(Records from a data source)
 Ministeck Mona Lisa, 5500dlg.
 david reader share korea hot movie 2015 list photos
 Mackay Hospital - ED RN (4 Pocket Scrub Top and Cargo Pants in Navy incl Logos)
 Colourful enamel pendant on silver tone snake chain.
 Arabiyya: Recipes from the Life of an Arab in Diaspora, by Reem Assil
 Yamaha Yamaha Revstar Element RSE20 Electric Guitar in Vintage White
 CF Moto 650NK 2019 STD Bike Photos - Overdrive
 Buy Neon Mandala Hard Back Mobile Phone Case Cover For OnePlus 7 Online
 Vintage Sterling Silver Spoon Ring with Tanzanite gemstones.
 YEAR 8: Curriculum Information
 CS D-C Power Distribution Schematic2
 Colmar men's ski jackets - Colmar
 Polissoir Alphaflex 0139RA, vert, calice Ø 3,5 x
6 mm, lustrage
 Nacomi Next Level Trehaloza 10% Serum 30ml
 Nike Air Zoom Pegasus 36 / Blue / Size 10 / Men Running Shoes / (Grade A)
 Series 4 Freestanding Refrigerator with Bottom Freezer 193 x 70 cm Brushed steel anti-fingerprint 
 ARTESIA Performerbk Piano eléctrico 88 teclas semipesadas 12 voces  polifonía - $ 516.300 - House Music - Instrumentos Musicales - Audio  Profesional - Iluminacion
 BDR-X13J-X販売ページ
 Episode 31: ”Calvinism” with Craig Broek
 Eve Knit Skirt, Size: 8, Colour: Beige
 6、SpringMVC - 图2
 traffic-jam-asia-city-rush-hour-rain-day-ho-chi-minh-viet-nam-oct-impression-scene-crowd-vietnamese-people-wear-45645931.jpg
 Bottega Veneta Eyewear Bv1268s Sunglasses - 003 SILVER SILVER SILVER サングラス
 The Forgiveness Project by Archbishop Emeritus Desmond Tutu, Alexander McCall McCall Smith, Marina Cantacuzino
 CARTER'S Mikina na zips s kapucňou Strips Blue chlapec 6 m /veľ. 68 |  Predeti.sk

## WORK TO BE COMPLETED
All of the records above are to be returned exactly as they stand.

## SOLUTION TO THIS TASK
 Ministeck Mona Lisa, 5500dlg.
 david reader share korea hot movie 2015 list photos
 Mackay Hospital - ED RN (4 Pocket Scrub Top and Cargo Pants in Navy incl Logos)
 Colourful enamel pendant on silver tone snake chain.
 Arabiyya: Recipes from the Life of an Arab in Diaspora, by Reem Assil
 Yamaha Yamaha Revstar Element RSE20 Electric Guitar in Vintage White
 CF Moto 650NK 2019 STD Bike Photos - Overdrive
 Buy Neon Mandala Hard Back Mobile Phone Case Cover For OnePlus 7 Online
 Vintage Sterling Silver Spoon Ring with Tanzanite gemstones.
 YEAR 8: Curriculum Information
 CS D-C Power Distribution Schematic2
 Colmar men's ski jackets - Colmar
 Polissoir Alphaflex 0139RA, vert, calice Ø 3,5 x
6 mm, lustrage
 Nacomi Next Level Trehaloza 10% Serum 30ml
 Nike Air Zoom Pegasus 36 / Blue / Size 10 / Men Running Shoes / (Grade A)
 Series 4 Freestanding Refrigerator with Bottom Freezer 193 x 70 cm Brushed steel anti-fingerprint 
 ARTESIA Performerbk Piano eléctrico 88 teclas semipesadas 12 voces  polifonía - $ 516.300 - House Music - Instrumentos Musicales - Audio  Profesional - Iluminacion
 BDR-X13J-X販売ページ
 Episode 31: ”Calvinism” with Craig Broek
 Eve Knit Skirt, Size: 8, Colour: Beige
 6、SpringMVC - 图2
 traffic-jam-asia-city-rush-hour-rain-day-ho-chi-minh-viet-nam-oct-impression-scene-crowd-vietnamese-people-wear-45645931.jpg
 Bottega Veneta Eyewear Bv1268s Sunglasses - 003 SILVER SILVER SILVER サングラス
 The Forgiveness Project by Archbishop Emeritus Desmond Tutu, Alexander McCall McCall Smith, Marina Cantacuzino
 CARTER'S Mikina na zips s kapucňou Strips Blue chlapec 6 m /veľ. 68 |  Predeti.sk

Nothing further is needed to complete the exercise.